The former Chairman of the Federal Reserve, Dr. Alan Greenspan, recently spoke with Fox Business News to discussed his outlook on the economy, entitlement spending, stagflation, and much more.
Dr. Greenspan notes:
“Let me just say that the two major initiatives of this administration… the corporate tax cut… and deregulation have been very positive forces and indeed you’re already beginning to see the impact of both of those initiatives in the marketplace, but when you look further down the road the demographics are against us. The most productive people in the economy are retiring and the basic structure of productivity growth is being suppressed by the huge increase in entitlements, which largely is not an economic phenomenon, it reflects the aging of the population… The main issue is social security and social security is a significant problem because it is not being funded. The actuaries of the Social Security Administration… say, in sort of a hidden part of the last annual estimate, that in order to get an actuarially sound social security system you would have to cut benefits now and indefinitely into the future by 25%. What that is telling you is that the fiscal system is out-of-whack and while I approve wholeheartedly with the corporate tax cut and the deregulation, the corporate tax cut unquestionably causes the deficit to rise and we are not funding it by other means. So long as the funding is not there, productivity cannot grow and accelerate because what you need is gross domestic savings…”

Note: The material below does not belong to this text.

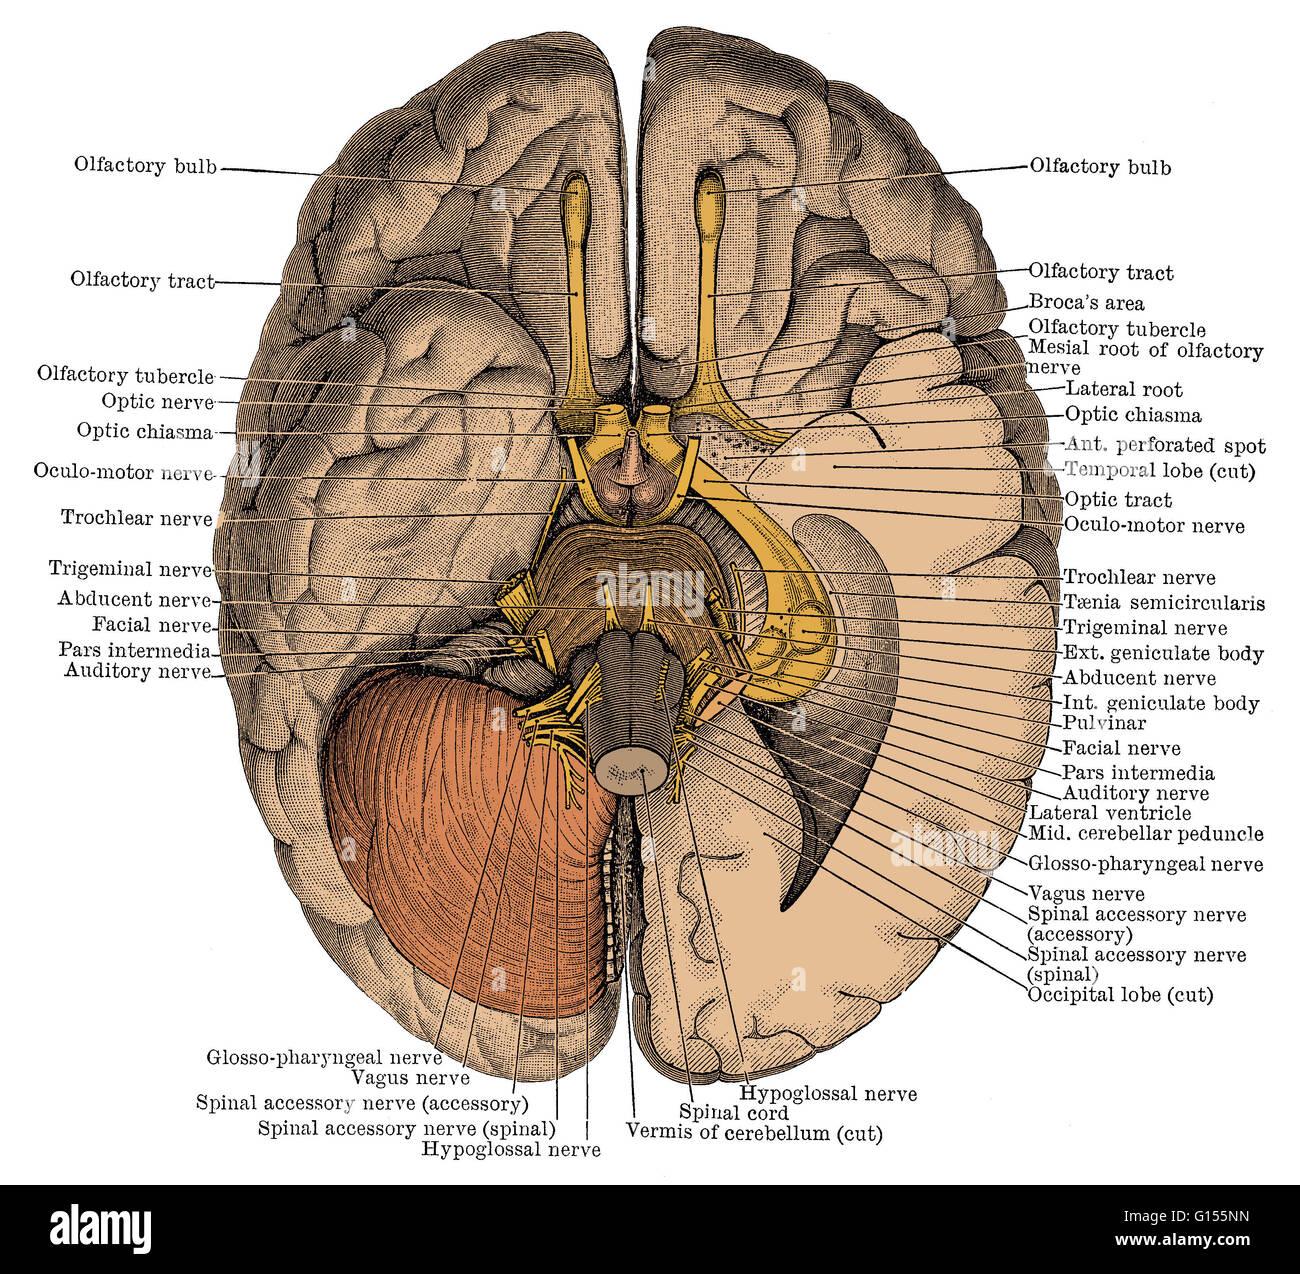 Vagus Nerve Stock Photos & Vagus Nerve Stock Images - Alamy

“We are now under 1% (productivity growth) and productivity growth is the key factor in engendering gross domestic investment. So you can’t have the sort of growth we have had in the past if productivity is flat on its face… the big bulge in entitlements over the years is crowding out gross domestic savings. Gross domestic savings plus saving borrowed from abroad is what our capital investment is all about and we have already engendered $8 trillion in net debt to foreigners. These are trends which cannot continue.”